The Commissioner contends that the ALJ's rejection of plaintiff's credibility was proper for other reasons [JS at 24-26], but the ALJ did not provide any of those reasons to discount plaintiff's credibility, and "[l]ong-standing principles of administrative law require [this Court] to review the ALJ's decision based on the reasoning and factual findings offered by the ALJ -- not post hoc rationalizations that attempt to intuit what the adjudicator may have been thinking." Bray v. Comm'r of Soc. Sec. Admin., 554 F.3d 1219, 1225-26 (9th Cir. 2009) (citing SEC v. Chenery Corp., 332 U.S. 194, 196 (1947)).

The ALJ did not provide any legally adequate reason to reject plaintiff's credibility. Remand is warranted on this issue.*fn7

VI. REMAND FOR FURTHER PROCEEDINGS

As a general rule, remand is warranted where additional administrative proceedings could remedy defects in the Commissioner's decision. See Harman v. Apfel, 211 F.3d 1172, 1179 (9th Cir.), cert. denied, 531 U.S. 1038 (2000); Kail v. Heckler, 722 F.2d 1496, 1497 (9th Cir. 1984). In this case, remand is appropriate to properly evaluate plaintiff's credibility. The ALJ is instructed to take whatever further action is deemed appropriate and consistent with this decision.

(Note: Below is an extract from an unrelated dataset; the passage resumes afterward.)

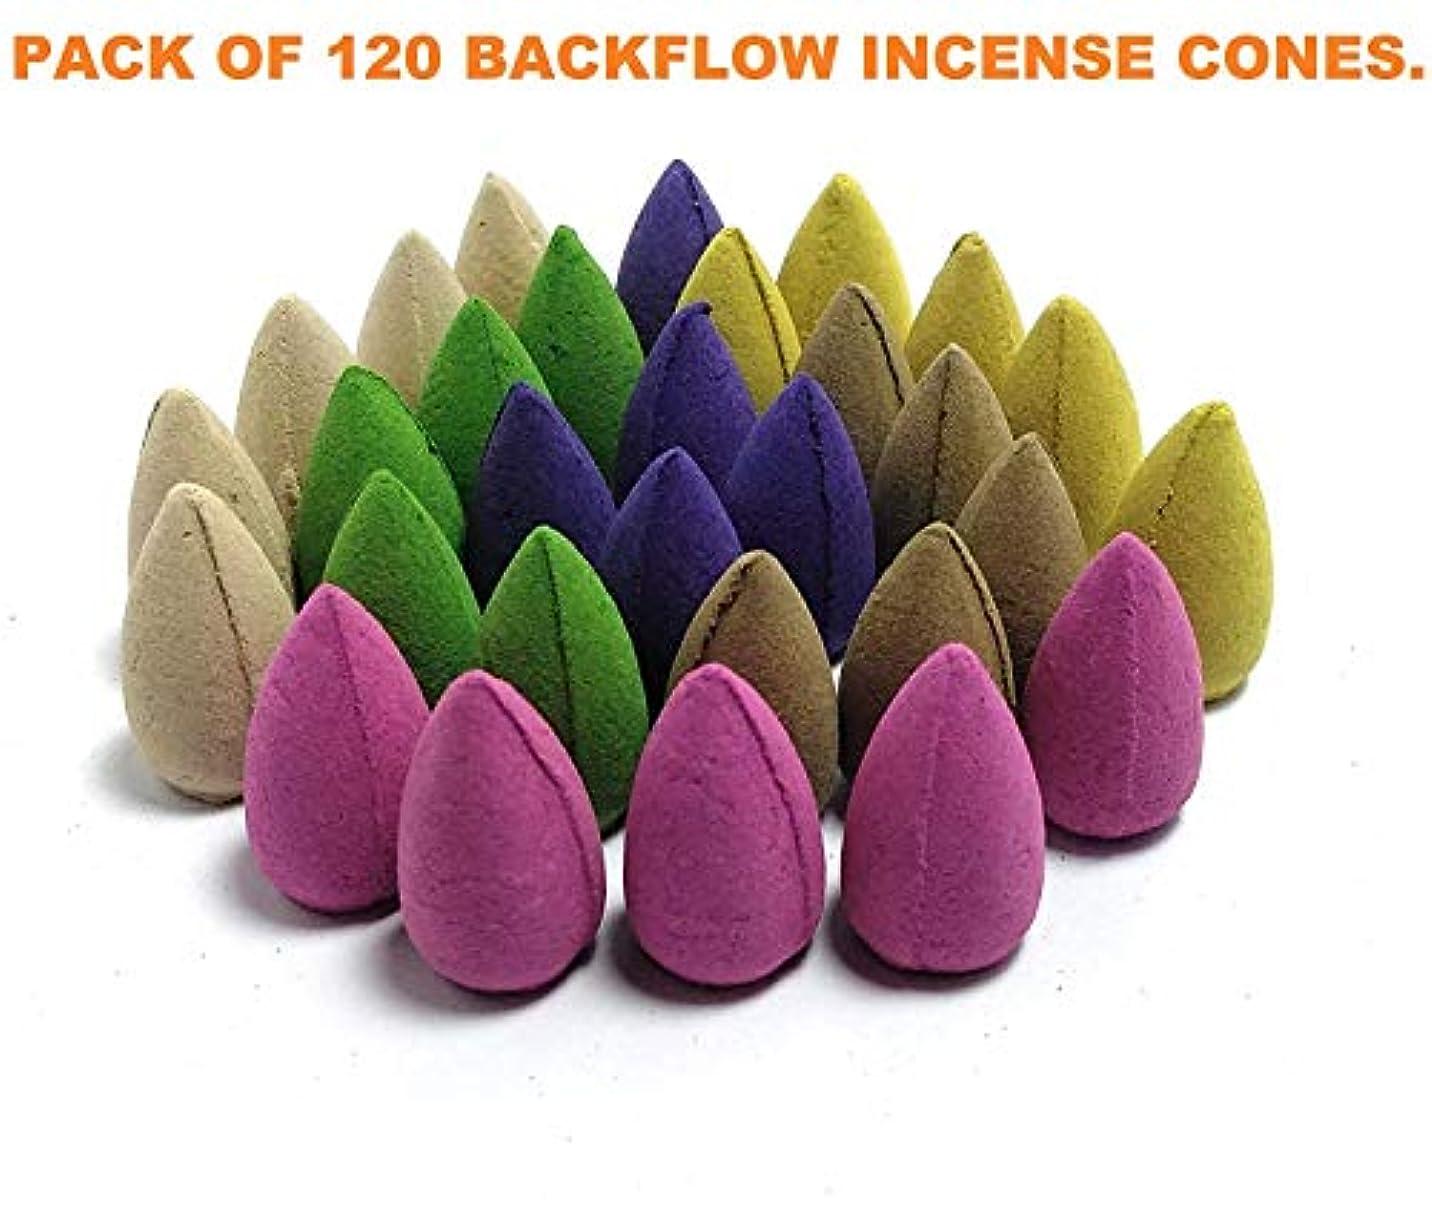 請求ファイアルレコーダーNYRWANA Backflow Incense Cones, Rose/Jasmine/Lavender Fragrances,(Multicolour) - Pack of 120

Accordingly, IT IS HEREBY ORDERED that: (1) plaintiff's request for remand is granted; (2) the decision of the Commissioner is reversed; and (3) this action is remanded to defendant for further proceedings consistent with this Memorandum Opinion.

This Memorandum Opinion and Order is not intended for publication, nor is it intended to be included in or submitted to any online service such as Westlaw or Lexis.